4. Fully vaccinated lectors and officiants (including clergy) may remove their masks in the course of their duties when an amplification system is in use and they are speaking alone. Masks must remain on during communal prayer and when singing or chanting. With the return to singing and relaxed social distancing, I ask that within each Minster provision be made for those who wish to keep themselves safer. The Minster Team should assure that at least one parish in each Minster offers a “quiet” service without singing or an online service for those who wish to remain at home. 

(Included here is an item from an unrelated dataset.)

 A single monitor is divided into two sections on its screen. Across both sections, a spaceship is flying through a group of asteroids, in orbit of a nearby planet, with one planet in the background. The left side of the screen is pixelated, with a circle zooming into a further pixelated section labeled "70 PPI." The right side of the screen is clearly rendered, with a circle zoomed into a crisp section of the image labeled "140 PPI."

5. Indoor, public worship and other open meetings: masking will continue for all persons. Indoor, closed meetings of adults where all are known to be vaccinated: masks may be removed. If children or adults of unknown vaccination status are present, masking will continue.

6. Use of the common cup is still restricted. Communion may be distributed in bread only.

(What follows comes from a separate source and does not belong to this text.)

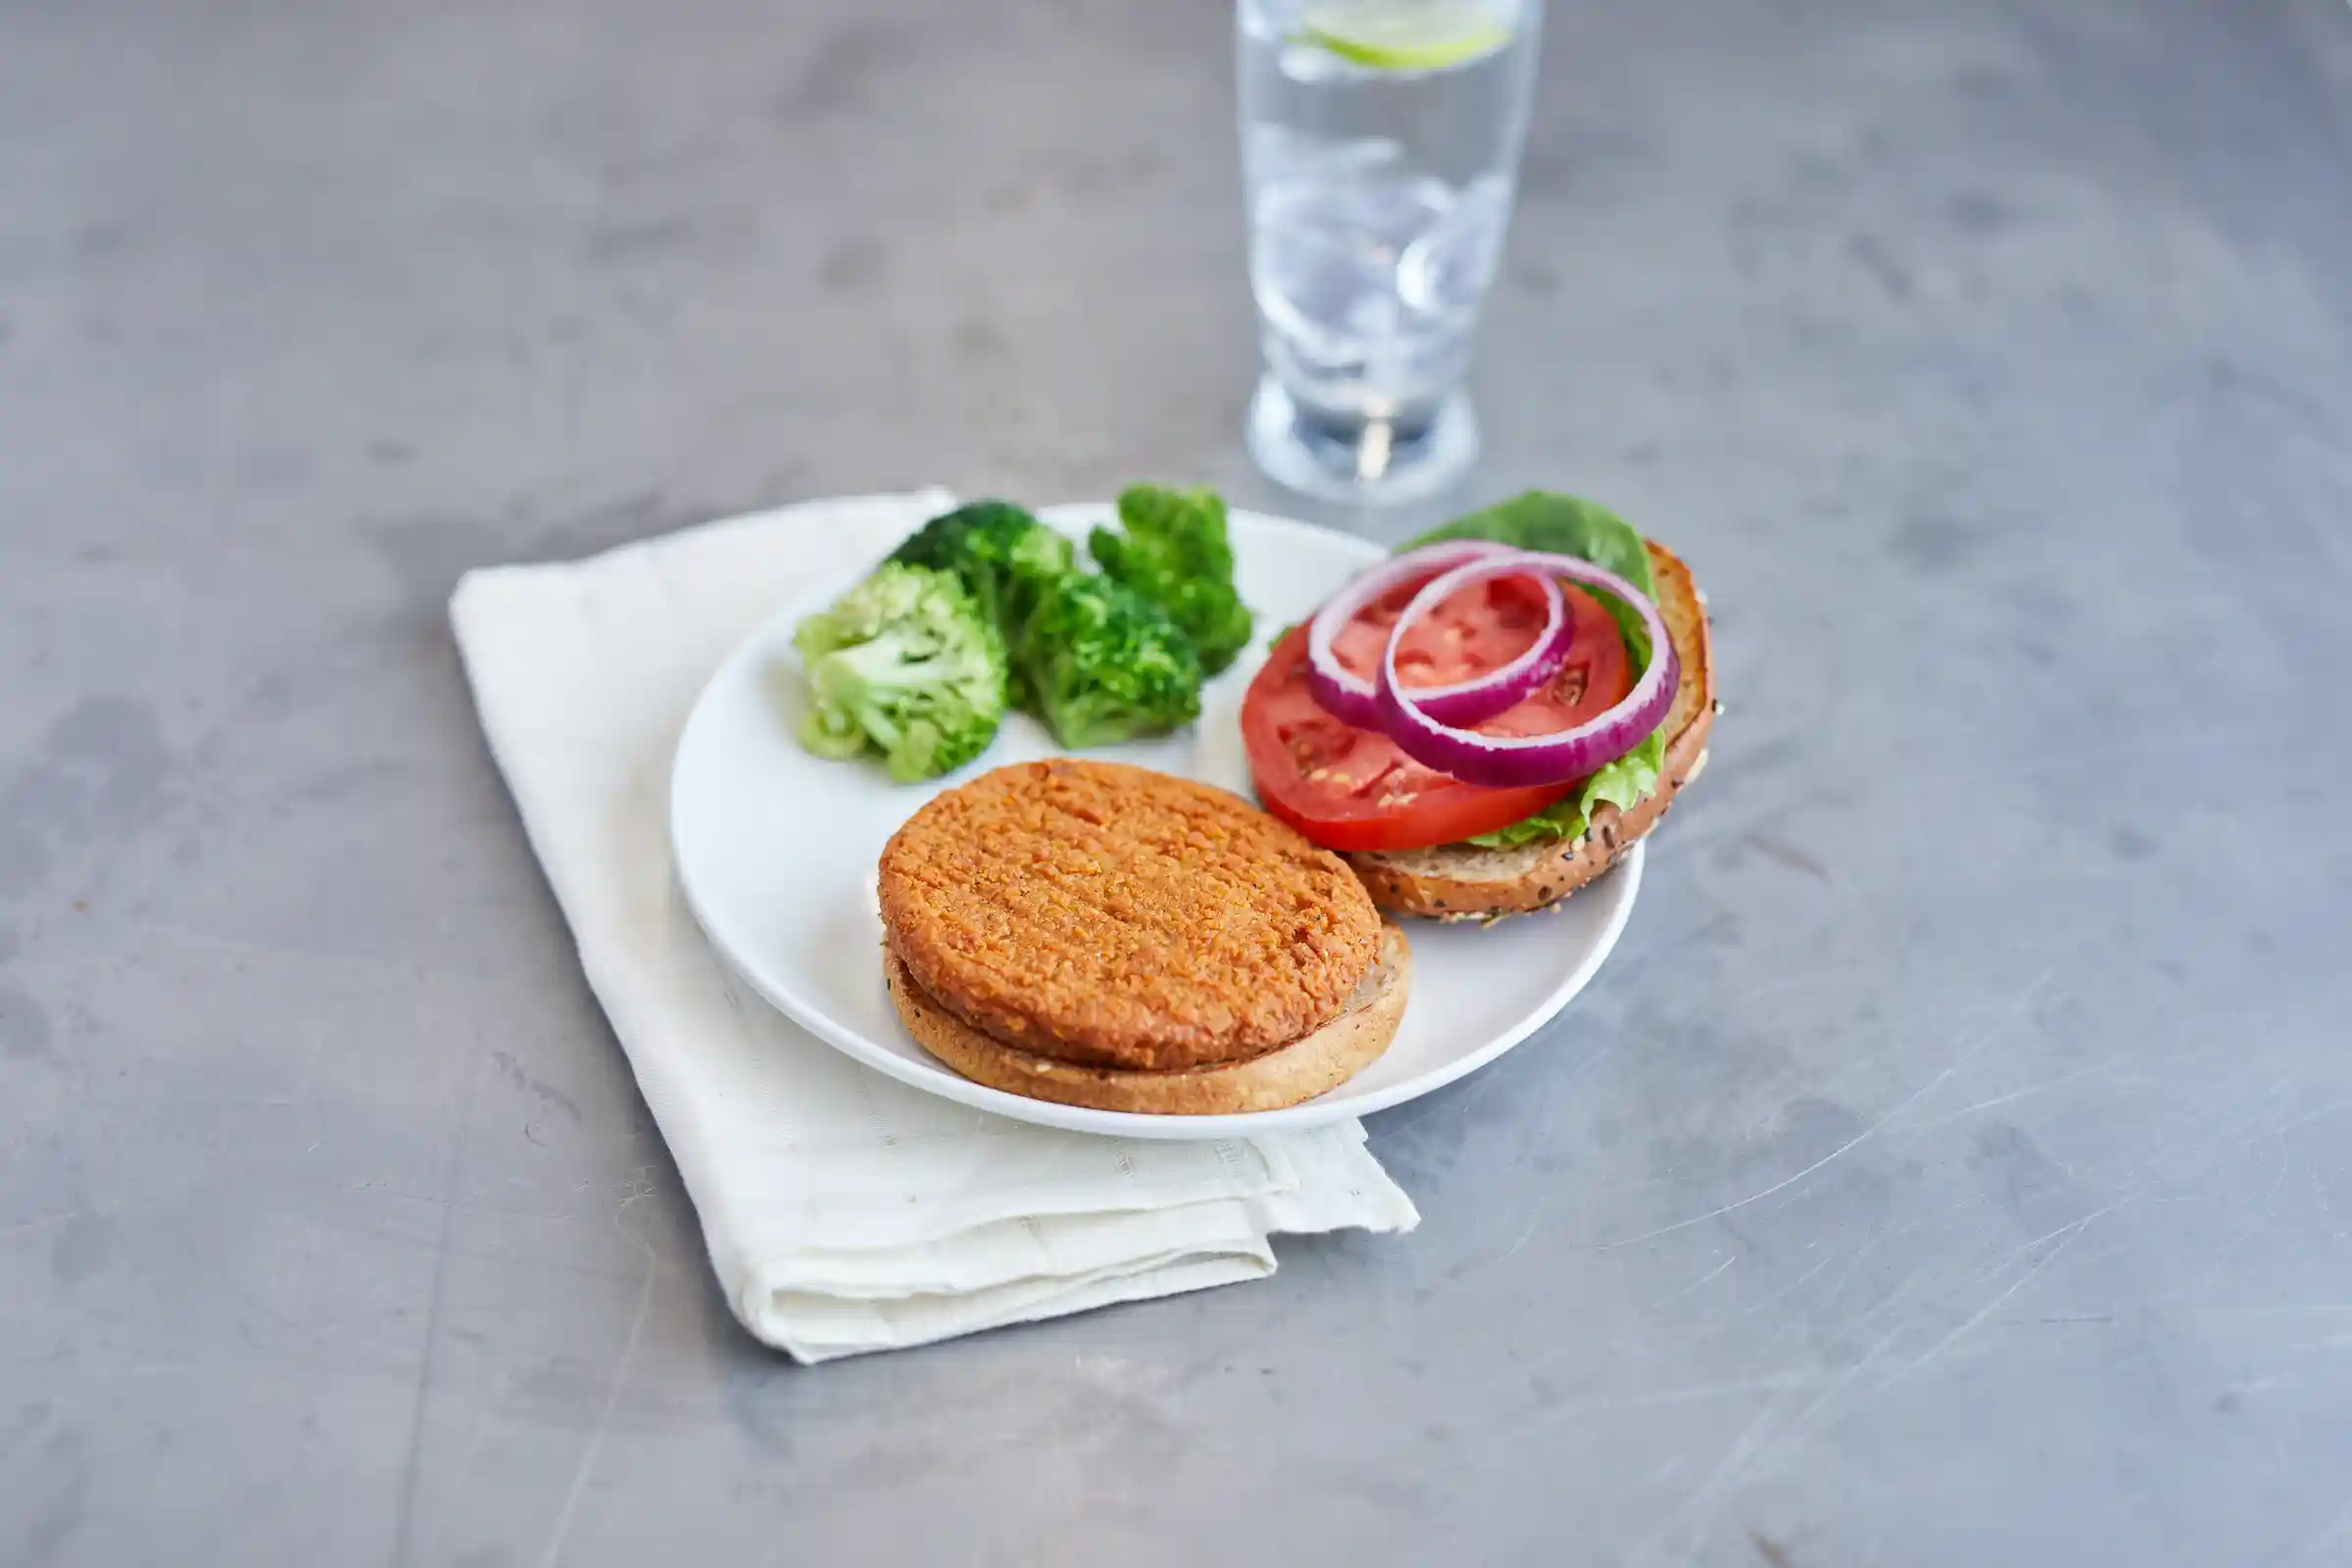 Tyson® Fully Cooked Whole Grain Breaded Hot & Spicy Chicken Patties, CN, 3.26 oz. https://images.salsify.com/image/upload/s--waMVEguh--/q_25/fu77guefxhf9xsjxrun7.webp

7. Registration, sign-ups or attendance records must continue to be used and records kept for one month.

8. Use amplification equipment as possible to allow less need for personal projection when speaking. Consider making services shorter: readings may be limited to the gospel and one other lesson. Continue ventilation practices: open windows and doors!

9. Spaces and surfaces must continue to be regularly cleaned. (Because of new learning, previous guidance about cleaning after every individual use may be disregarded.)

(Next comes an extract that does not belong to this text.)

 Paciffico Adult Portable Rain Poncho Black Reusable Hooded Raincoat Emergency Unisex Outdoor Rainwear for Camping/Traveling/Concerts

10. Coffee hour and feeding ministries may continue, with the encouragement to move outside and to remain masked when not eating or drinking. Outside groups are allowed to use space according to local leadership discernment, provided they agree to (and actually do) follow these guidelines.

11. As able, continue to offer online worship and meeting options to continue welcoming those who do not wish to gather in person. Inform in-person attendees about recording or streaming practices. A sign or bulletin notice will suffice. Create areas of the nave where worshippers may worship without being on camera. When a positive test result is reported for a person who attended a gathering, parish leadership should call the local health department for guidance.  

* From the CDC:
“Currently authorized vaccines in the United States are highly effective at protecting vaccinated people against symptomatic and severe COVID-19. Additionally, a growing body of evidence suggests that fully vaccinated people are less likely to have asymptomatic infection or transmit SARS-CoV-2 to others. How long vaccine protection lasts and how much vaccines protect against emerging SARS-CoV-2 variants are still under investigation. Until more is known and vaccination coverage increases, some prevention measures will continue to be necessary in some settings for all people, regardless of vaccination status. However, the benefits of reducing social isolation and relaxing some measures such as quarantine requirements may outweigh the residual risk of fully vaccinated people becoming ill with COVID-19 or transmitting SARS-CoV-2 to others. Additionally, taking steps towards relaxing certain measures for vaccinated persons may help improve COVID-19 vaccine acceptance and uptake. Therefore, there are several activities that fully vaccinated people can resume now, at low risk to themselves, while being mindful of the potential risk of transmitting the virus to others.”